Consistency requires clear guidelines covering logo use, colour palette, typography and visual tone. These guidelines must be practical enough for internal teams and external partners to apply without supervision. For CLdN, we developed a unified brand identity and guided its rollout across all touchpoints, from containers and harbours to digital communications. For Arvesta, we created practical brand templates and guidelines that enable consistent application across a large organisation with multiple sub-brands.
What makes a brand name legally defensible?
A legally defensible name is distinctive rather than descriptive, not confusingly similar to existing registered trademarks in the relevant categories and regions, and capable of being registered in all target markets. The more distinctive the name, the stronger the legal protection. Generic or descriptive terms are difficult to protect. Coined or invented names offer the strongest legal protection. For Liantis and bnode, we developed names with high distinctiveness that could be registered and defended across multiple jurisdictions.
When do we need a new brand name vs a visual update?
A visual update refreshes how your brand looks without changing what it's called. A new brand name is needed when the existing name creates legal risk, no longer reflects the strategy, limits growth, or carries associations that cannot be overcome through design alone. After the merger of three organisations, Liantis needed a name that represented a new identity, not a refreshed version of an existing one. For Belfius, the transition from Dexia required an entirely new name to signal a new chapter and rebuild trust.
How do we develop a name that works across languages and markets?
A name that works internationally must pass three tests: strategic fit, linguistic usability and legal availability. Linguistic research examines how a name sounds, reads and translates across target languages. Cultural perception tests ensure no negative associations exist in target markets. Legal screening confirms the name is available to register. For Nalu, we developed a name that works phonetically and culturally across European and global markets. For Equitone, we combined strategic naming with cross-linguistic research to ensure the name worked in all target markets.
What are the biggest risks when choosing a brand name without legal validation?

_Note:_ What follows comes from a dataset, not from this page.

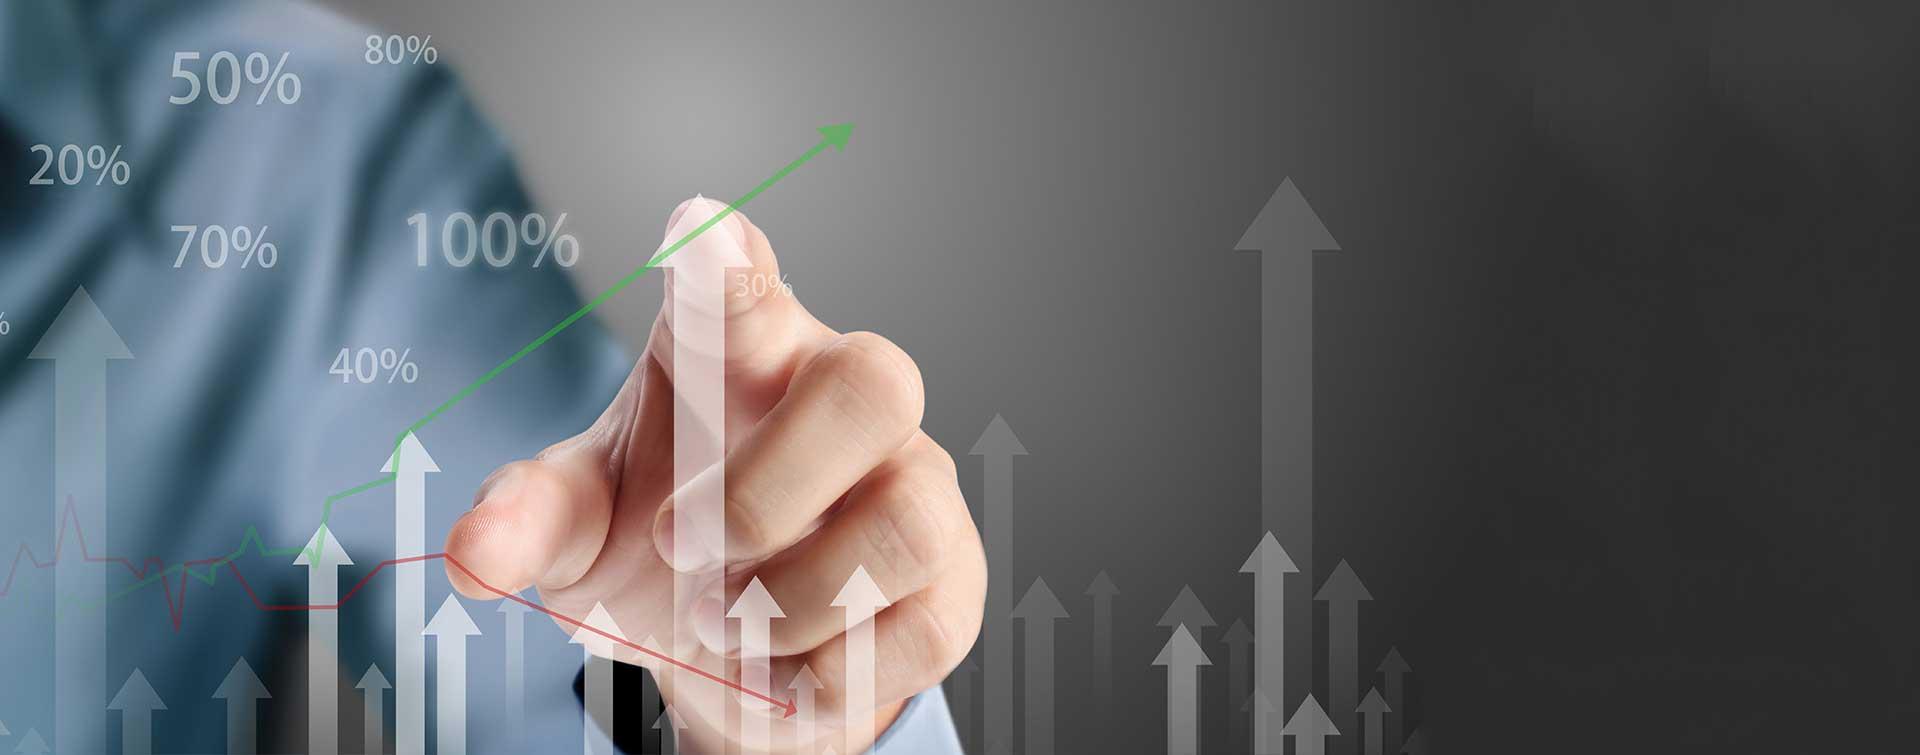 evoluzione-ufficio-innovatiozione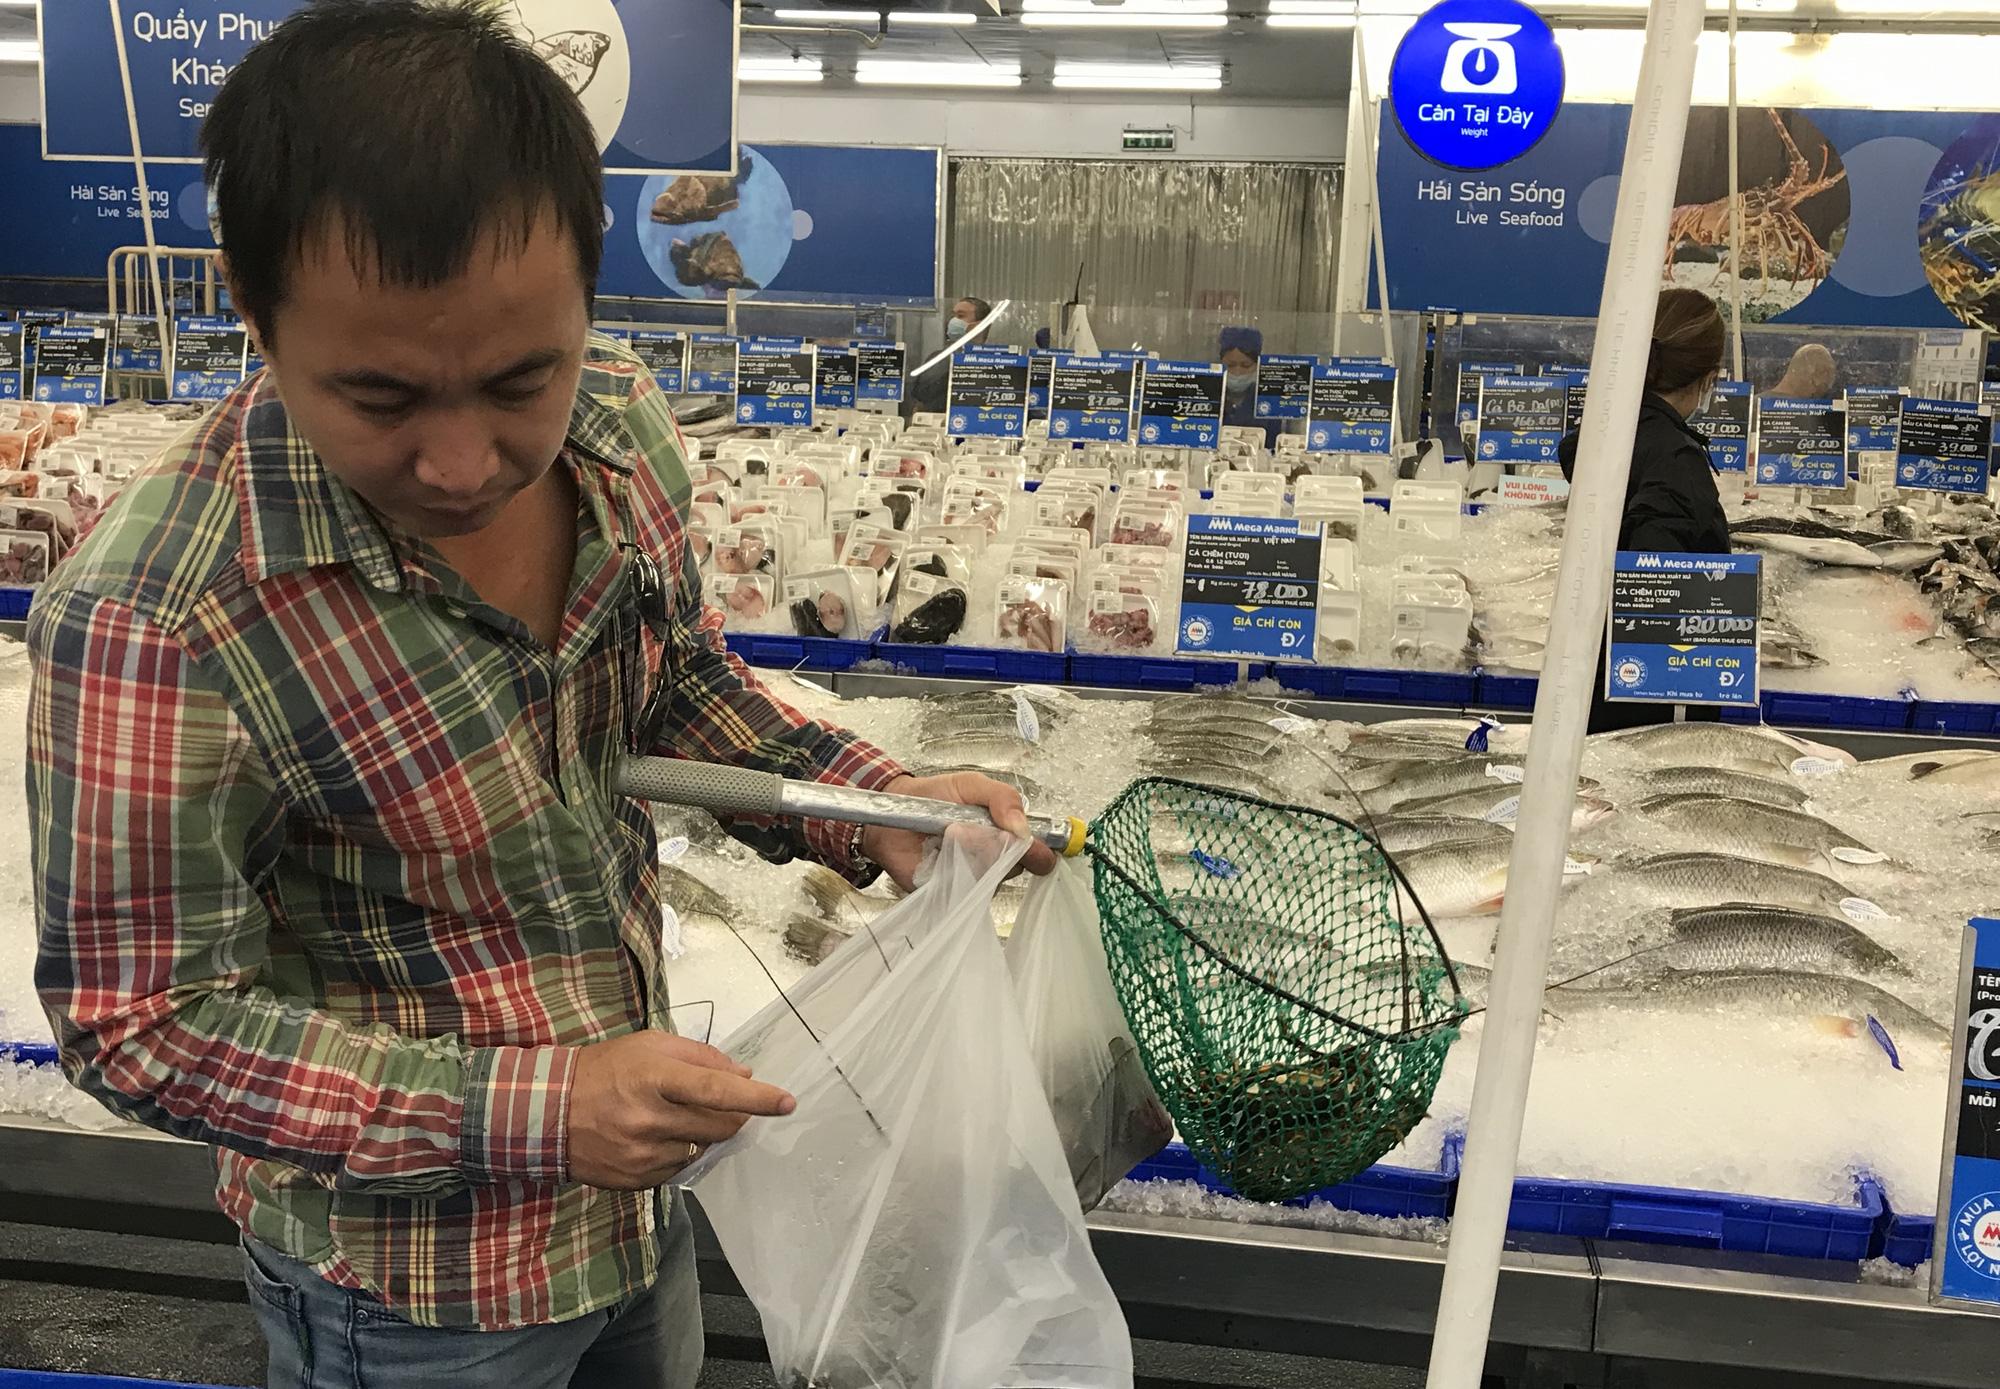 Cận cảnh giải cứu tôm hùm ở Sài Gòn, mới 9h sáng đã hết sạch, có siêu thị chế biến miễn phí cho khách ngay tại chỗ - Ảnh 4.

The biggest risk is investing in a name that cannot be protected or defended. A name may sound distinctive but be too descriptive, already registered in your target markets, or confusingly similar to an existing trademark. Discovering this after launch leads to costly rebranding and potential legal disputes. At Remarkable, legal validation runs parallel with creative development, not after it. For Liantis, we screened multiple name candidates for legal availability in all relevant markets before any creative investment was finalised. For bnode, we conducted availability searches across the EU and beyond before the name was announced.